For the recent real estate deployment, Camio released that it was working with a security operations center connected to a total of 24,000 cameras, across 800 locations.

“When we did the trial, we thought we were heroic in coming at a price that was similar to a consumer camera subscription plan,” Maslan said, but the client wanted it at about one-third of the initial price.

Defining the different needs for different cameras was a key part of fitting the solution to the price point, according to Maslan. “One of the big 'a-ha's in that whole thing was: don't think of just rolling out video surveillance, think about: what is each camera doing, what kinds of analytics and searching is needed, what kind of response times do you need, how fast do the alerts have to be?
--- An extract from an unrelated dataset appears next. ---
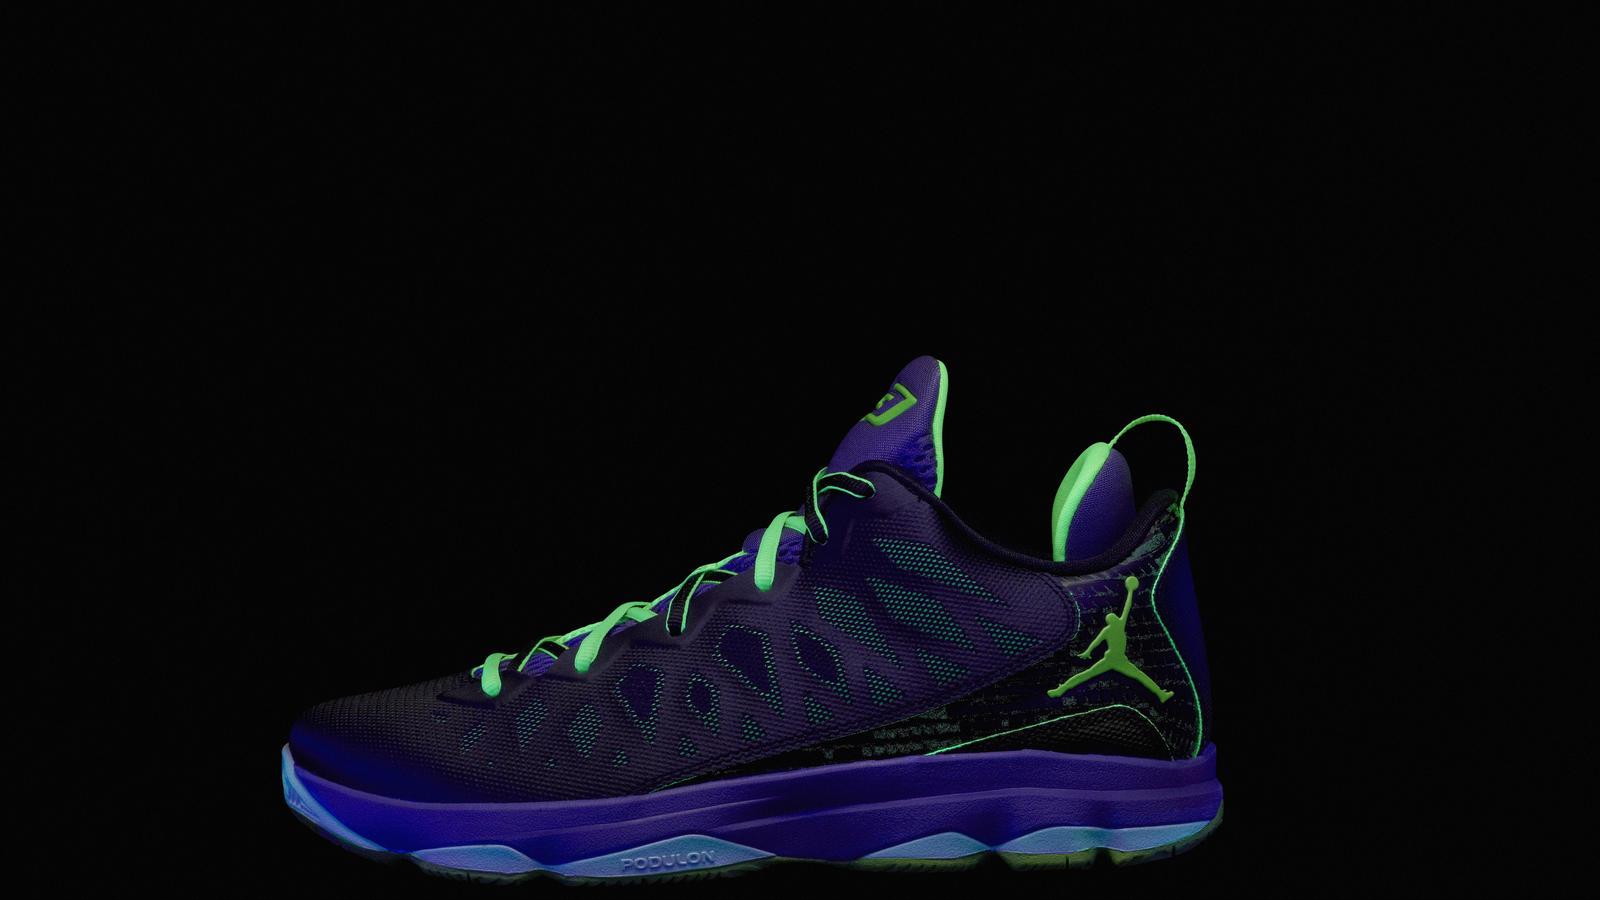 Jordan_2013_AllStar_Ftwr_CP3_LAT_Glow_blk
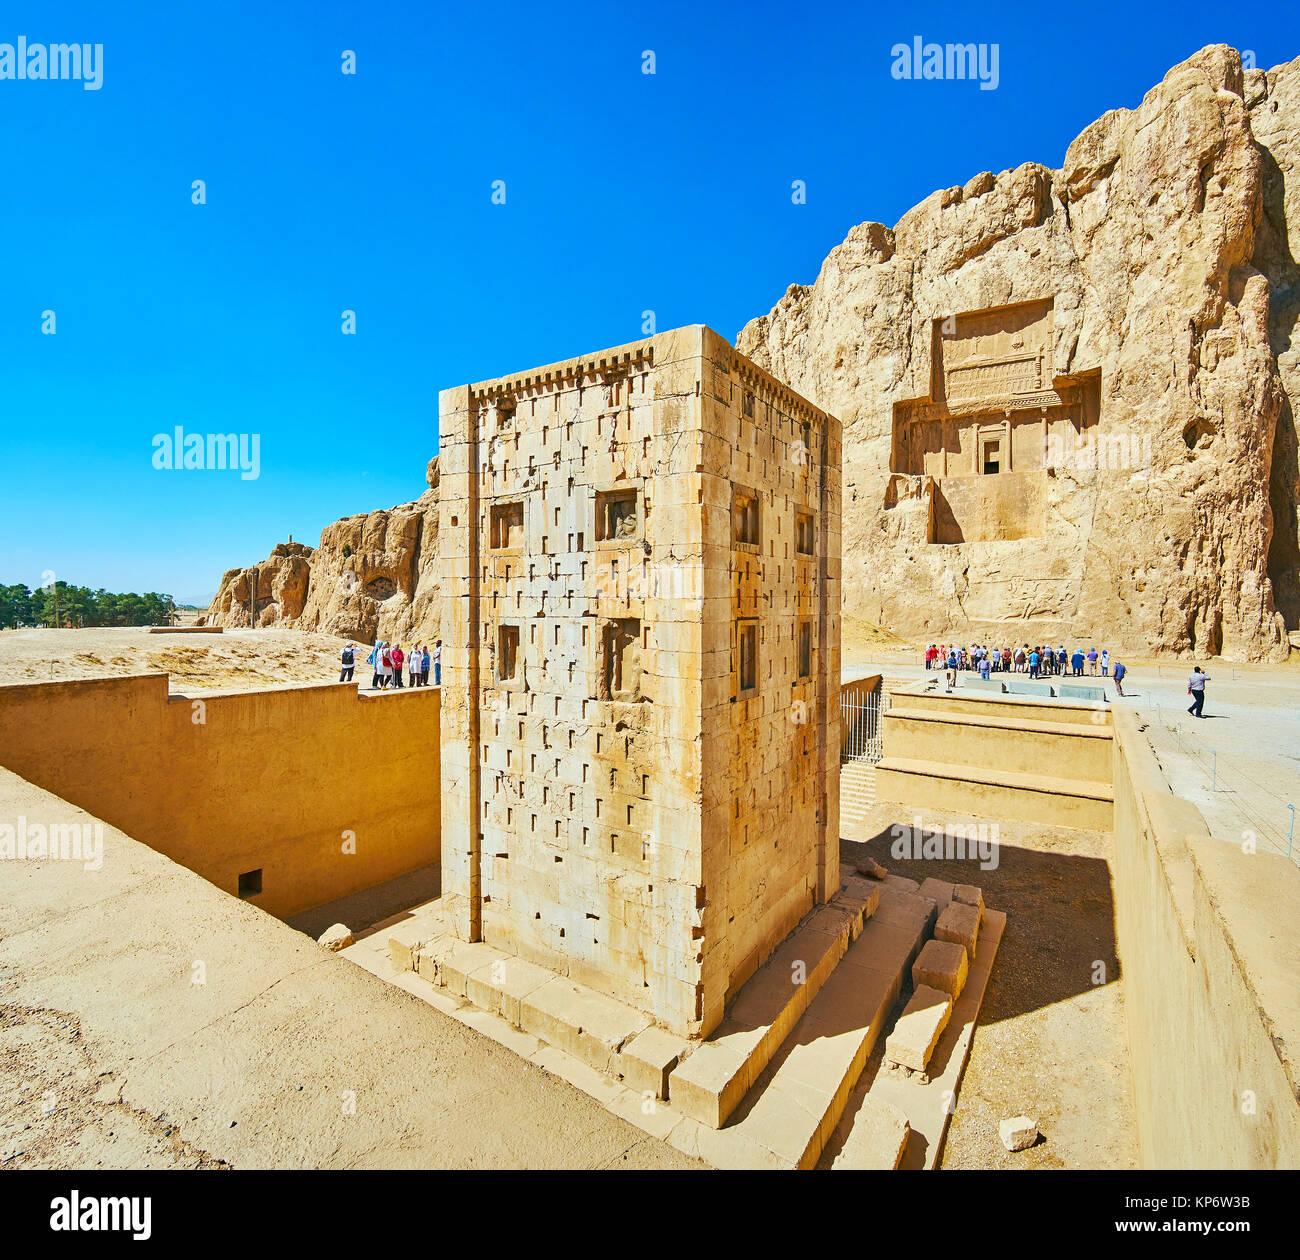 NAQSH-E RUSTAM, IRAN - OCTOBER 13, 2017: Discover Ka'ba-ye Zartosht tower and ancient mausoleums in rock in - Stock Image

All of these variables gave us profiles of cameras that then let us really dial in the price to be the best value overall,” Maslan said.

Schedule based recording was another factor in this SOC installation, Maslan said, such as when “the security operations center just wants [certain] sets of cameras to be actively indexed for alerts and searched from 10 p.m. to 6 a.m. And that happened to correlate with the most security vulnerable periods of the day anyway. So, it was a big cost savings and a big improvement in just ease of administering—to just associate schedules with every camera.”

This is the largest enterprise application for Camio to date, utilizing one security operations center.

“The biggest take away was just varying the service level by the type of camera,” Maslan said. “That was the big realization; it seems obvious in retrospect, but was kind of a new focus for us.”

The evaluation and planning took about nine months, with most of the work happening in six months. “It was a long cycle, but it was because of the fact that we were learning and adjusting as we go. Now, I don't think it would be anywhere near that. If we were to do this over again, we would know all the answers quickly and it could probably be … less than two months just from planning to implementation,” Maslan said.